L'introduction d'un système d'agriculture perfectionnée est difficile à obtenir dans les grandes plantations de cannes et de caféiers cultivés par des esclaves, parce qu'il est impossible d'attendre des soins, de l'intelligence et de l'amour pour le travail d'êtres dégradés, qu'un système absurde fait regarder comme d'autant plus utiles qu'ils sont plus stupides […]. Si la crainte du châtiment remplace le stimulant de la récompense, pourra-t-on jamais espérer l'amour du travail chez des hommes qui n'y trouvent que des tourments et du malheur ?
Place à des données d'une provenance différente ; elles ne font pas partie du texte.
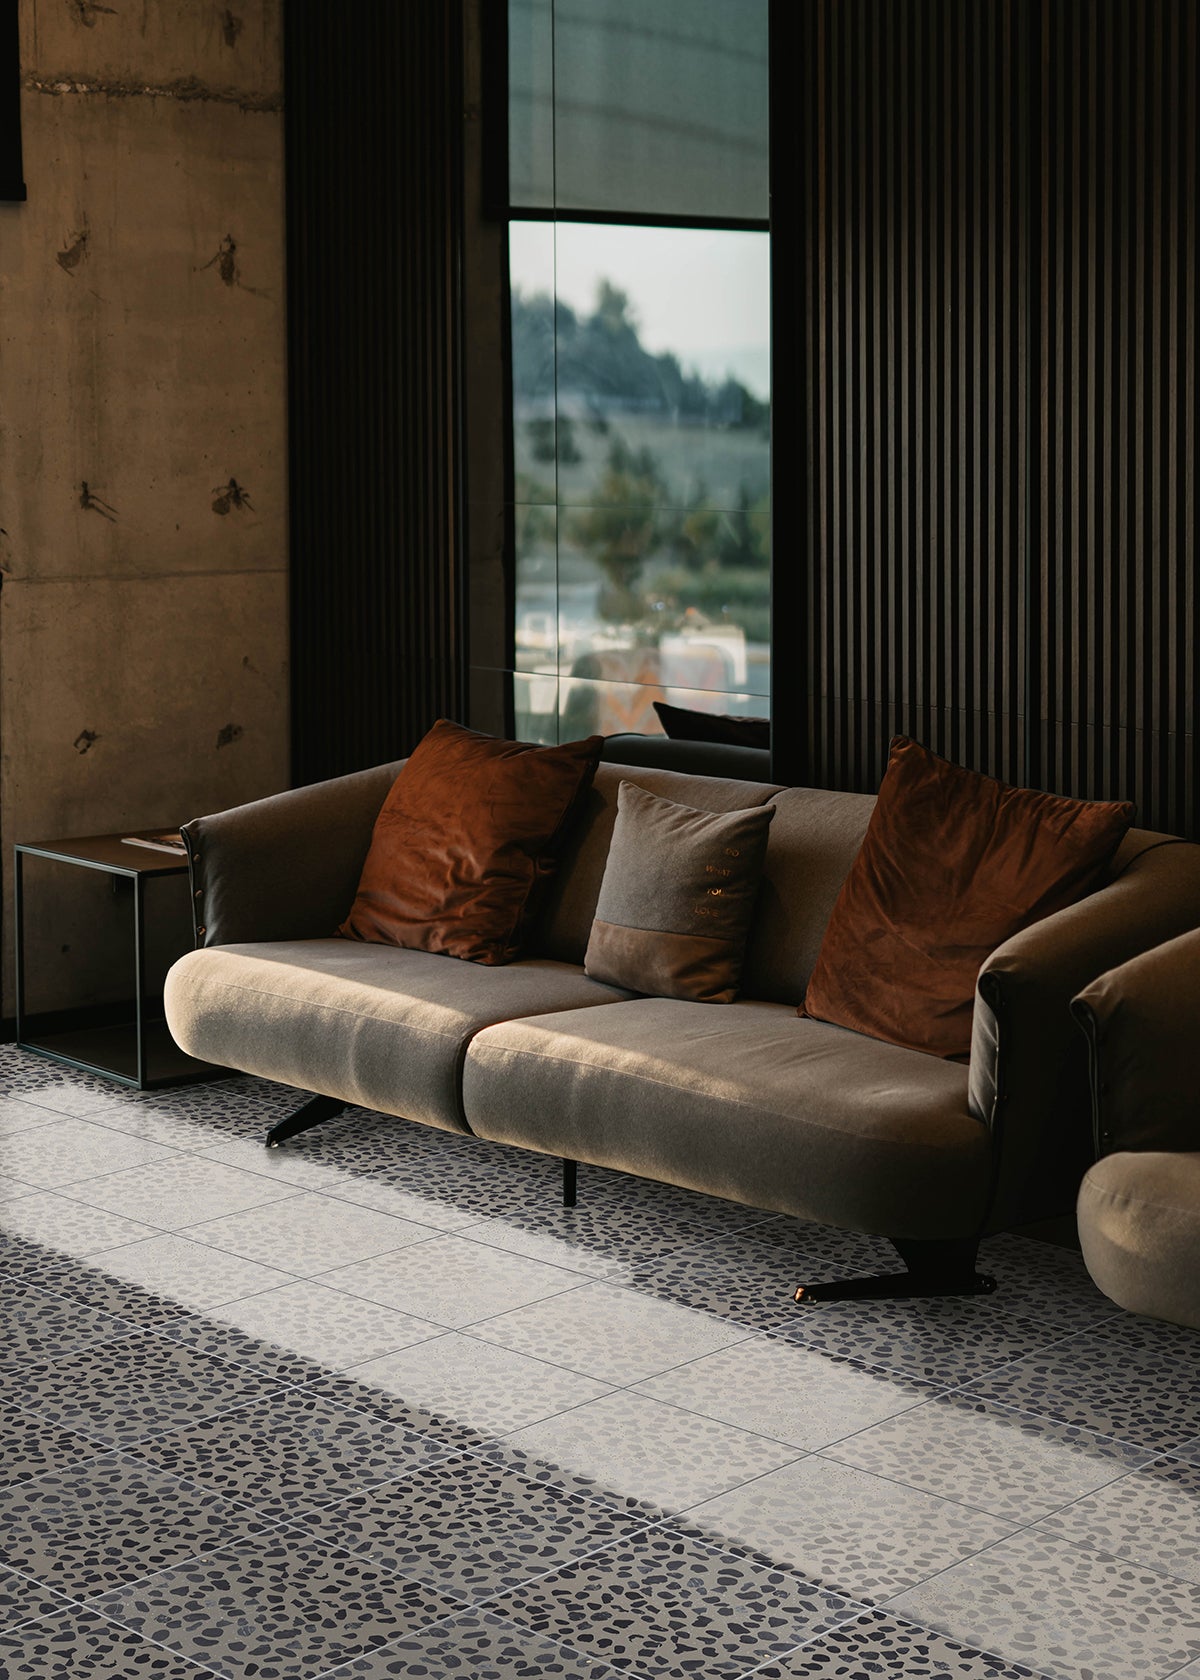 Black, grey and white cement tiles and a couch.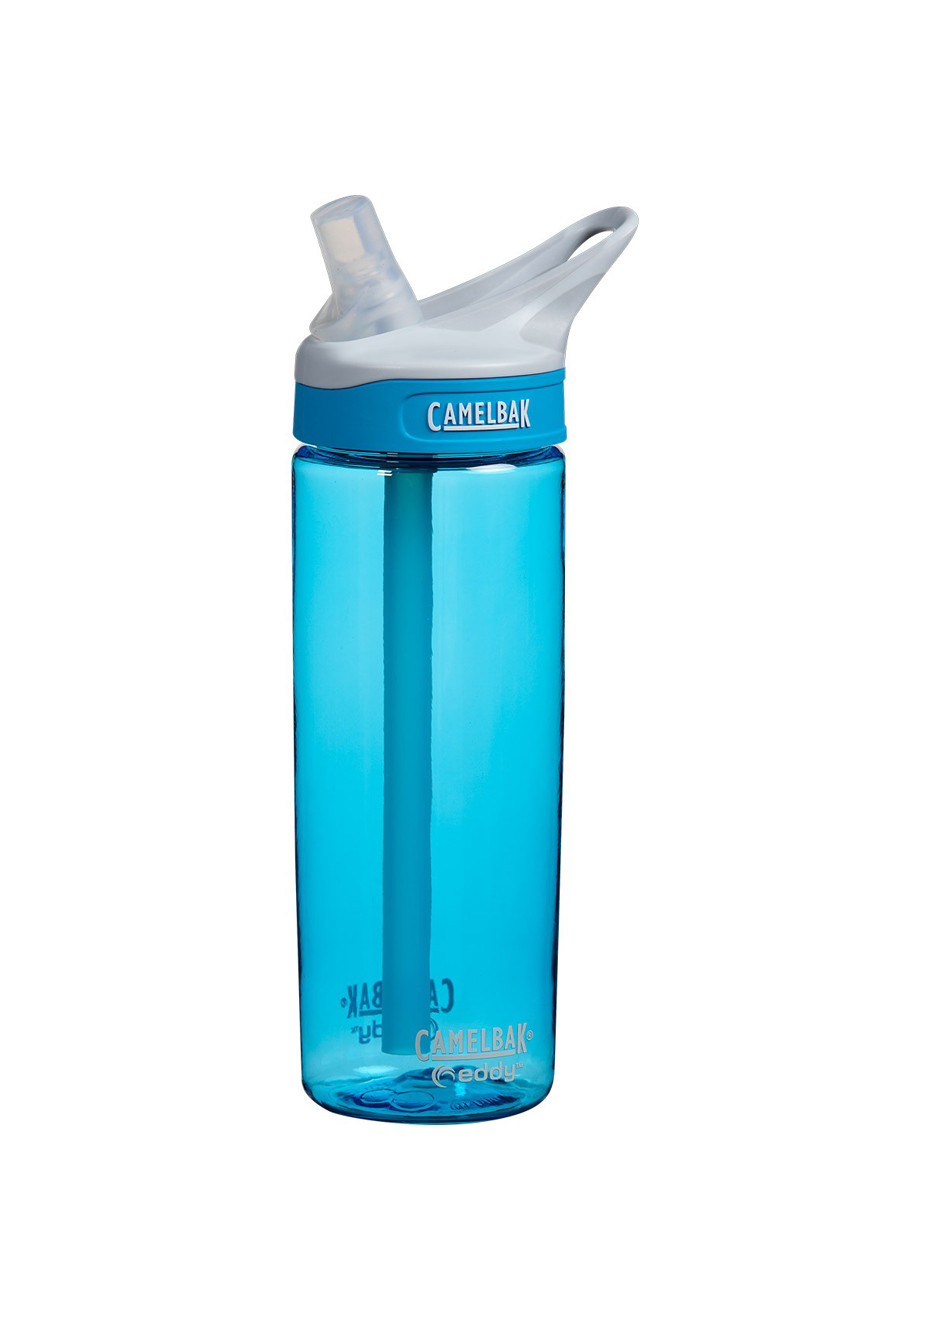 Details about    Hands Free Water Bottle Holder  White

Les sociétés esclavagistes donnèrent forme à cette image de l'esclave noir, paresseux, stupide, docile et incapable d'apprendre des techniques élaborées. Ces arguments qui n'avaient d'autres buts que de justifier l'asservissement d'une race déclarée inférieure et de créer parmi les esclaves un esprit d'obéissance ne trompaient pas les planteurs. Ils savaient que la nonchalance et la négligence des esclaves pouvaient être dues à leur faiblesse physique plutôt qu'à leur stupidité. Ils savaient surtout d'expérience que cette inaptitude au travail n'était souvent qu'une forme déguisée de leur résistance à remplir leur labeur, que leur incapacité à accomplir des tâches délicates était voulue, que les chevaux devaient être remplacés par des mules plus résistantes aux mauvais traitements que les esclaves leur infligeaient le plus souvent intentionnellement. Les témoignages des planteurs à ce sujet sont nombreux, aucun d'entre eux ne pouvait oublier que certains esclaves remplissaient des travaux d'artisanat requérant attention et intelligence. Si la définition coutumière de l'esclave était celle d'un être sot, indolent et inapte aux tâches techniques, image que les abolitionnistes accentuèrent pour justifier leur action politique, les planteurs étaient avertis d'une possible résistance active des esclaves à l'utilisation de nouvelles techniques. Les nouvelles machines seraient endommagées comme le bétail avait coutume d'être maltraité. Dans ces conditions, les pratiques de culture intensive, d'arrosage et d'usage d'engrais, le maniement d'appareils coûteux paraissaient impossibles. Mécanisation et travail esclave semblaient s'exclure. Alors que la lutte de la puissance anglaise contre le système de travail esclave menaçait les plantations et limitait leur rentabilité, l'apparition de la technologie européenne dévoilait aux planteurs un antagonisme apparemment insurmontable, celui entre industrialisation et esclavage. Suivant les vœux de

109 R. de la Sagra, Histoire politique et physique de l'île de Cuba, p. 400.